Can we honestly afford to live here?
Every time you step out through your front door in London, it’s like subjecting your pockets to a million little hands all grasping for money. Between ridiculous things like food and travel, sometimes I find I’ve burnt through a £20 note before I’ve even reached the end of the street. And you know what else costs money? Kids. The numbers just don’t add up.
Will he get bullied by a kid called Noah?
Being bullied is always horrible, but in the old days at least the daily rigmarole was doled out by dreadful kids with tough names like Dean or Barry. But getting a kicking from a lad called Noah? I don’t know if you can ever bounce back from that.
Are we just showing him loads of things he’ll never have?

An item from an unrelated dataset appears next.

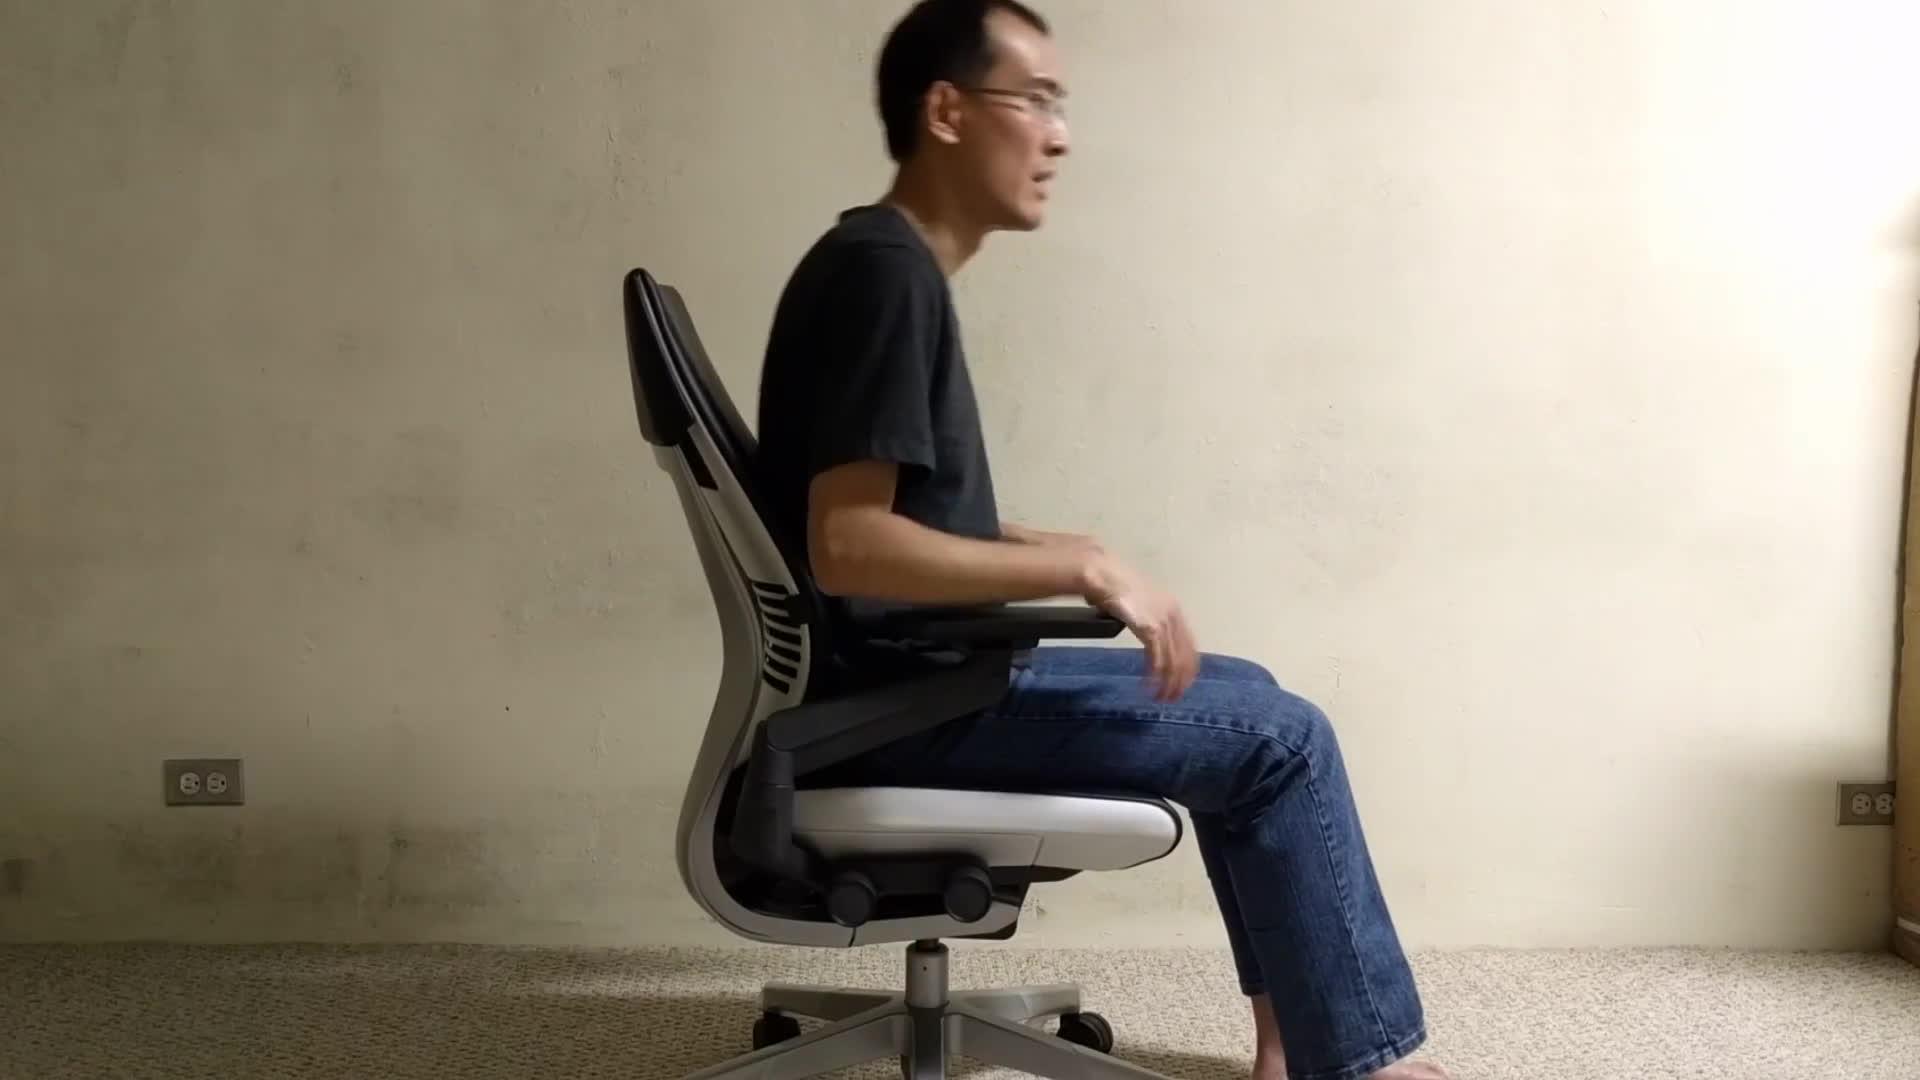 Steelcase Gesture Chair   Flexible Back   Find, Make U0026 Share Gfycat GIFs
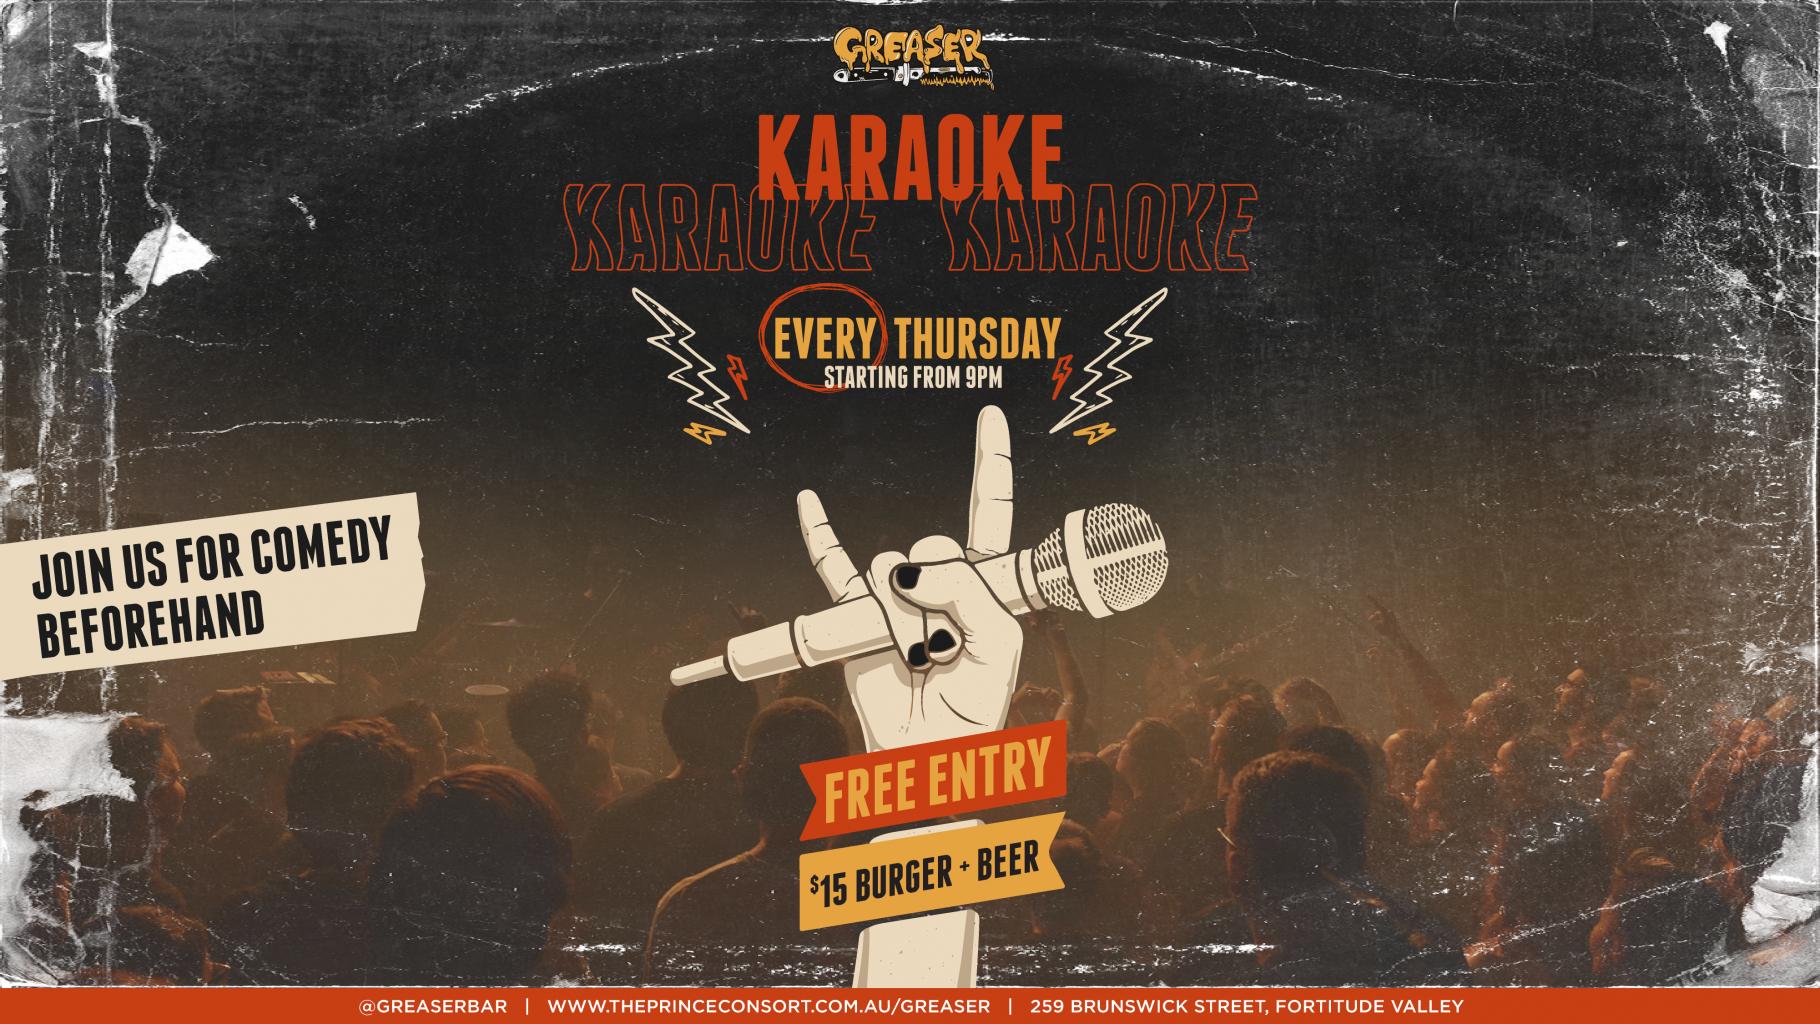 Karaoke at Greaser every Thursday

If you stand still in the middle of a London street for more than 30 seconds, all of the houses in your eye line will have gone up by five grand. Are we setting our little cherub up for massive disappointment when he realises he’ll have to live in a wheelbarrow by some bins when he moves out?
What if we lose him on the Underground?
We’ve all got off the tube at the wrong stop, and watched as our pals point and laugh from inside the closed carriage. Telepathically we know to get on the next train and to meet them wherever we were heading. Babies generally aren’t intelligent enough to know this standard response, so he’ll probably change at Warren Street and jump on the Northern line, the idiot.
What if he finds out about Hamleys?
It’s fine at the moment – I can throw the boy into an empty room with one chewed teddy bear and a plastic rolling pin in it and he’ll react like I’ve just taken him to Willy Wonka’s chocolate factory. But one look at Hamleys and he’ll be addicted to the amazing, colourful, expensive wonders within, at which point he’ll turn into a shivering, knee-hugging ball shouting ‘I hate you!’ at me until I’m dead.
Other things I worry about:
He might inadvertently call me ‘bruv’ one day by accident.
He’ll use my shed as a micro-brewery.
He’ll never be able to drive a car.
He’ll want to go to university and we haven’t got any money.
He’ll want to go on holiday and we haven’t got any money.
He’ll want some money and we haven’t got any money.
He’ll make friends with some kids who are ‘scoping’ our house.
He’ll never know what a cow looks like.
He’ll join a street dance collective and change his name to Neo.